I don't see why this is a reason to be skeptical. Firefox is a huge codebase. Substantial chunks of it have been rewritten using Rust while maintaining the entire app and adding features. This is entirely the plan: You can slowly, as you touch parts, migrate the codebase.

Firefox (and many other projects) was already a mix of multiple languages - it uses C, C++, Javascript, ... and now Rust. And while there is value in having less languages to deal with, there is equally value to use multiple languages and apply them where you see major benefit. For example, replacing exposed and high-risk components (image/file parsers for example) with a language that de-risks those implementations. Like all of the things in software engineering, this is a tradeoff. It may not make sense for your application, but it can make sense for others.
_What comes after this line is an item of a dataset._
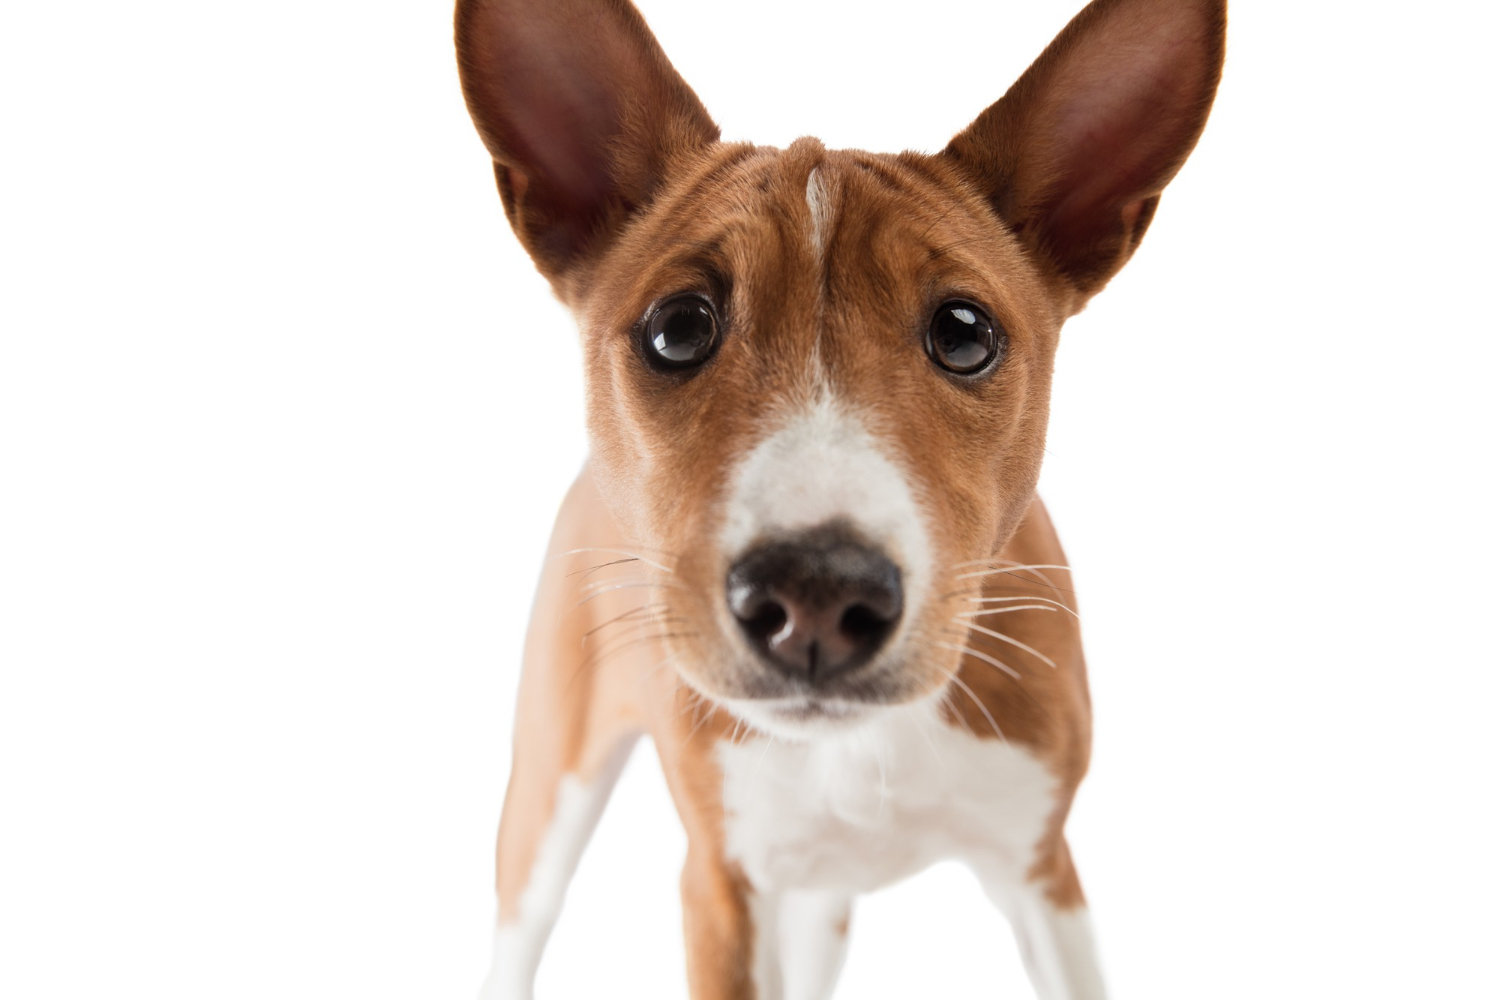 How to Basenji Adopt Are you thinking of adopting a Basenji? These hound dogs are highly intelligent and very affectionate, but they can also be independent. Here is how to adopt one! Read on to learn more! And if you haven't already, read about Basenji rescue! Camp Basenji is a fantastic rescue organization that saves, rehabilitates, and provides foster homes for dogs in need. Their mission is to provide second chances to these dogs so they can find new homes. Basenjis are hound dogs A breed of hunting dog, the Basenji was developed in central Africa and was originally bred from primitive stock. Their yodel-like sound is a unique characteristic, as is their unusually shaped larynx. The Fédération Cynologique Internationale places the Basenji in the primitive or Spitz category. Its distinctive rounded ears are an attractive feature of this breed. Basenjis are known to be especially prone to chasing rabbits. While Basenjis are not notorious for barking, they are quite energetic and need plenty of exercise. A large yard is recommended, as they can become destructive if not given enough exercise. Keeping an eye on them is also a must. They are great escape artists and need constant supervision. As with any hound dog, a Basenji must be supervised at all times, especially in the yard. While they don't mind living with cats, they shouldn't be left alone in an apartment with other small pets. The Basenji has short, fine fur. Its coat is either chestnut red, black, or a tricolor. The dog's feet and tail tip are white. Its coat color can vary from chestnut red to chestnut or a brindle color. White feet and a white collar are other characteristics of the breed. The Basenji's coat is extremely clean and shiny, and it sheds less than any other breed. They are intelligent The Basenji breed is a very intelligent, stubborn dog. They are ranked second to last in the breed's intelligence, but it is not because of intelligence, but because of their stubbornness. These dogs are highly intelligent, and the breed is prized for its independence and independent thought. These dogs are known for their loyalty to their owners and are friendly with family, although they can be standoffish when meeting strangers. The following is a brief overview of the personality and health characteristics of the Basenji breed. Training a Basenji is a challenging process. While they are very intelligent and observant, they can be stubborn and easily get bored with training. While a Basenji may be capable of learning a new skill, they are not particularly interested in following instructions. This breed needs constant positive reinforcement to stay motivated, so training sessions should be short and full of praise. Regardless of the level of your Basenji's intelligence, you should expect it to be an excellent companion for many years to come. The Basenji dog breed was developed in the Congo as a hunting dog. They use sight and smell to find prey. Their original purpose was to flush small game into hunters' nets, but now they make excellent family pets. Historically, the Basenji was used as a pet for Egyptian Pharaohs. While it is unlikely that they were kept in the Egyptian Pharaohs' household, the dog's intelligent and lovable nature may have contributed to the dogs' popularity. They are affectionate A Basenji's affectionate nature can be quite endearing, and they will do almost anything for their owner, including licking and grooming themselves. These dogs are among the cleanest breeds, and they love to spend time grooming themselves after a walk. Since their grooming habits are more like that of cats than dogs, they do not smell as bad as most other breeds. Also, they will use their paws to clean themselves rather than their mouths, which can leave them very smelly. Basenjis show affection by staring into their owners' eyes. Eye contact releases the chemical oxytocin, which helps form a stronger bond between owner and dog. Some dogs may find this eye contact threatening, however, and they should be kept away from them at all times. Other Basenjis will lick their owners to express their affection, but not all of them do it. A Basenji will cover you with saliva if he is feeling lonely. A Basenji is a pack animal, and while they are very affectionate and playful, they may be overly aloof around other dogs. They can become difficult to train and are often prone to ignoring their owner. Even if you do train them to become a good pet, it's important to be consistent and positive in your interactions with them. Unless you plan to leave them alone for long periods of time, they may act out. They are independent As the name suggests, Basenjis are independent dogs that are not easily trained. While they are known to be "barkless" dogs, they are prone to yodeling and chewing when they get lonely. Despite their independent nature, they are excellent companion dogs, and love to explore. Despite their aloof and independent personality, Basenjis make great pets. Listed below are some common traits of the Basenji breed. Aside from being intelligent, the Basenji is also a bit stubborn. Some sources rank this breed in the bottom half of the intelligence scale, but this trait was coveted for its independent thinking. While these dogs are obedient to their owners, they can be aloof to strangers. This trait makes them great companions for families, but they can be standoffish when meeting strangers. Therefore, it is important to train your Basenji in a way that he will respect your boundaries. Although the Basenji is not a hunting dog, they like to be active and participate in activities such as agility or lure courses. Although they are not commonly used for hunting, they are wonderful family dogs and live up to 13 years of age. They require early socialization and exercise and are good watchdogs. The females of the breed only have one heat cycle per year. They also make a distinctive yodel, which is a common sign of mischief. They are a good companion for active families Basenji are great pets for active families. These dogs are high energy and do well with children, provided they are properly socialized and trained. Basenjis are notorious for chewing and should be handled carefully. If you have young children, they might motivate them to clean up after them! Here are some basic training tips for Basenjis: Basenji are friendly with children, but can be quite a handful. They do not tend to bark much, but will growl or yodel to express their feelings. Children may be a little scared of these dogs, and you'll have to be extra vigilant when playing with them around young children. Basenjis are also good with cats and other small family pets, but they should be socialized properly to make sure they don't become a nuisance. Basenjis require more than a yard to thrive. You'll need to spend time training your new companion. You must be patient and dedicated, because these intelligent dogs need a lot of attention. While they may seem quiet, they talk up a storm when they're with their owners. While they don't bark, the yodel they emit is quite distinctive and will give you plenty of entertainment. Basenjis enjoy active lifestyles. They enjoy agility, lure courses, and dog sports, and are often a great addition to active families. They also outlive most other breeds, and live to be around 13 years old. However, they're fiercely protective of their family, so they must be socialized at a young age. As long as they have lots of time to play with you, Basenjis can be a fun companion for active families. They require a lot of exercise If you are considering getting a Basenji for your home, you've probably wondered if they need a lot of exercise. These large, energetic dogs should get at least an hour of exercise every day. While you may not have to do much of that in a daily routine, Basenjis do have a strong instinct to hunt. When out and about, keep an eye out for their famous "predatory look." If you see a dog hunched over and focused, your puppy is probably scouting a game. If you see that behaviour, immediately remove the dog from the area. Basenjis are very intelligent dogs, and they like to use devious tactics to reach their goals. You should exercise them regularly to allow them to release their energy and to keep their minds sharp. Basenjis also need a lot of exercise, because they are notorious for chewing walls, pulling stuffing out of couches, and destroying their yard. This breed is not suitable for homes with young children, because it may become confused and destructive if it is left alone. If you choose to get a Basenji, be prepared to spend a good amount of time grooming and combing their coat. Although the breed's coat is short, it still needs to be brushed frequently to remove dust and a layer of loose hair. While a Basenji will not require baths more than twice a year, you should brush its teeth at least once a week to prevent dental disease and bad breath.

Of the 32,373,275 lines in Firefox that tokei reports, 3,439,065 is Rust. 5,740,010 is in C (C + C Headers). And 5,643,721 is C++ (C++ + C++ Headers). 7,343,459 is JS.

Using the "Code" column to ignore comments and blanks.

This is based on the mozilla-central-78a5d30a370f bundle.

(Also, holy crap it took tokei 10m to run this analysis).

I don’t think the relative % of rust has changed a lot in the past few years though, has it? After they got the obvious low lying fruit it slowed down dramatically didn’t it?
It's a good question but I have no plans to write a script that walks mercurial history and plots the relative percentages of the code based on language.

If you find the time and urge I'd be interested to know the results.